WCMC News

March 2009--Drug Blocks Two of World's Deadliest Emerging Virsues
Existing, Low-Cost Anti-Malaria Treatment Found Effective in Laboratory Test Tube Experiments

NEW YORK (March 5, 2009) -- Two highly lethal viruses that have emerged in recent outbreaks are susceptible to chloroquine, an established drug used to prevent and treat malaria, according to a new basic science study by researchers at Weill Cornell Medical College in the Journal of Virology.
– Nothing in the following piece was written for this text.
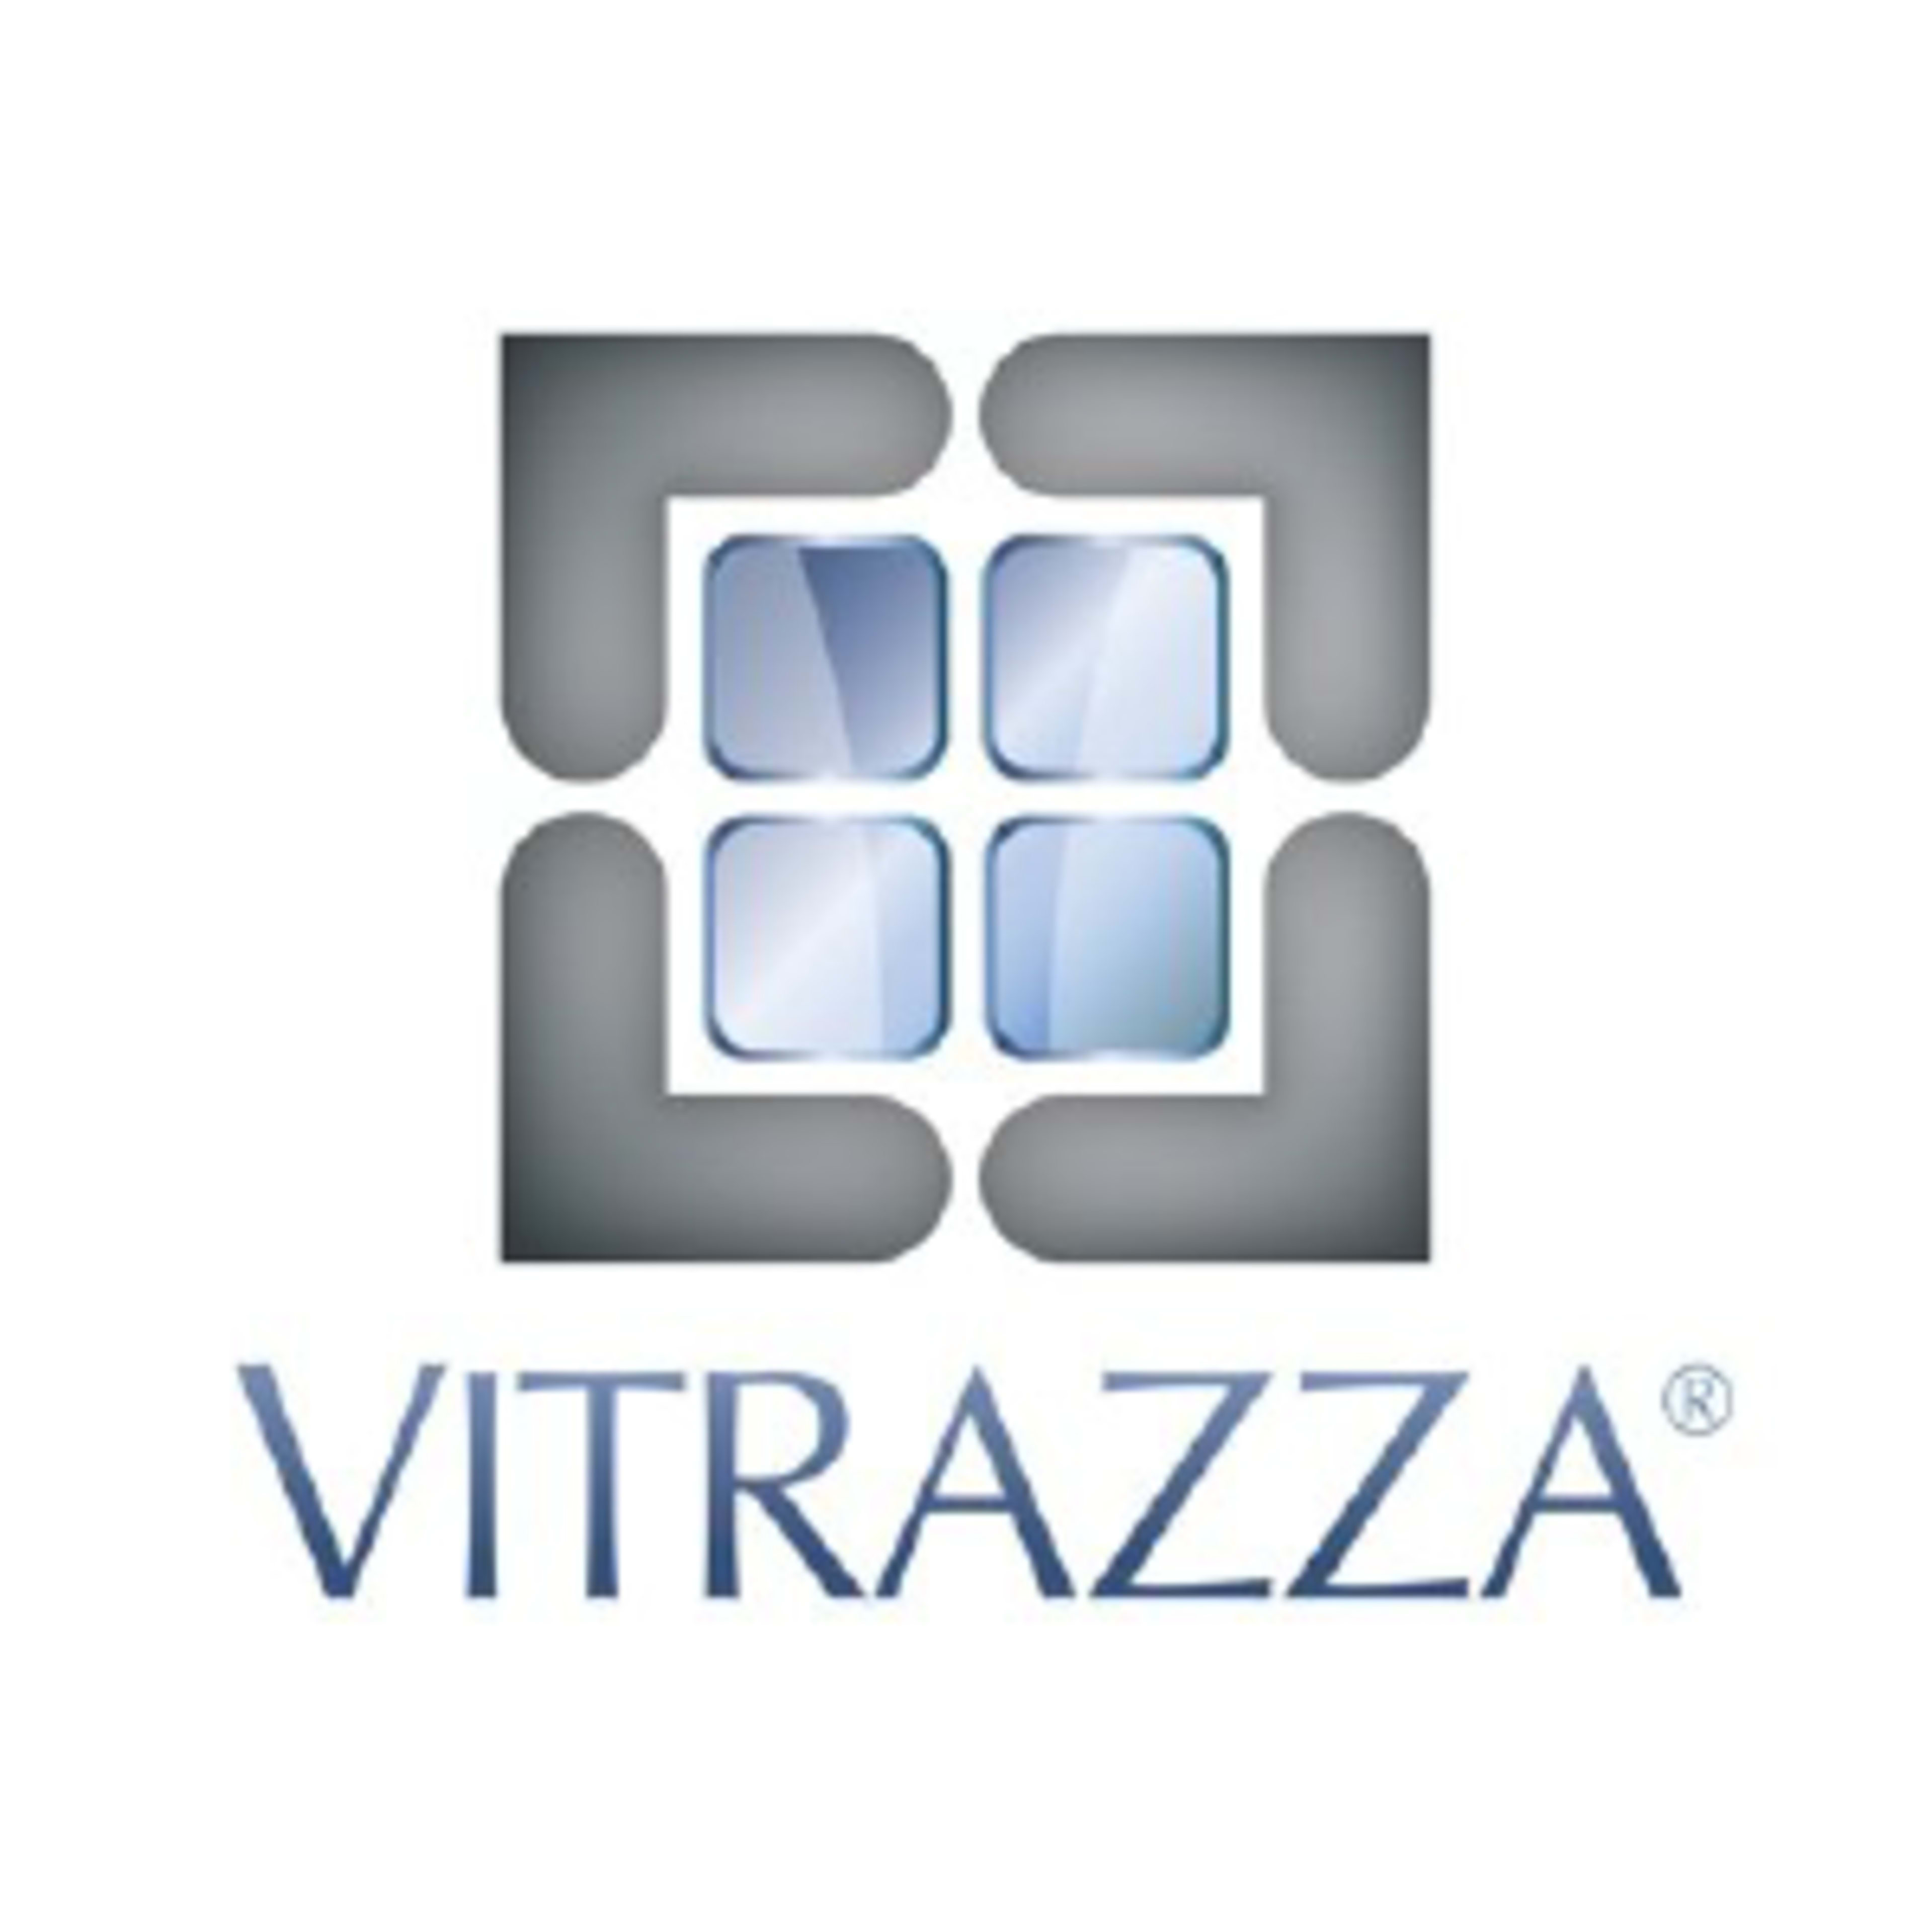 VitrazzaCode

Due to the study's significance, it was published yesterday, online, in advance of the first April print issue.
 
The two henipaviruses that are the subject of the study -- Hendra Virus (HeV) and Nipah Virus (NiV) -- emerged during the 1990s in Australia and Southeast Asia. Harbored by fruit bats, they cause potentially fatal encephalitis and respiratory disease in humans, with a devastating 75 percent fatality rate. More recently, NiV outbreaks in Bangladesh involving human-to-human transmission have focused attention on NiV as a global health concern.
 
The researchers, based in Weill Cornell's pediatrics department, were surprised by their discovery that chloroquine, a safe, low-cost agent that has been used to combat malaria for more than 50 years, is a highly active inhibitor of infection by Hendra and Nipah.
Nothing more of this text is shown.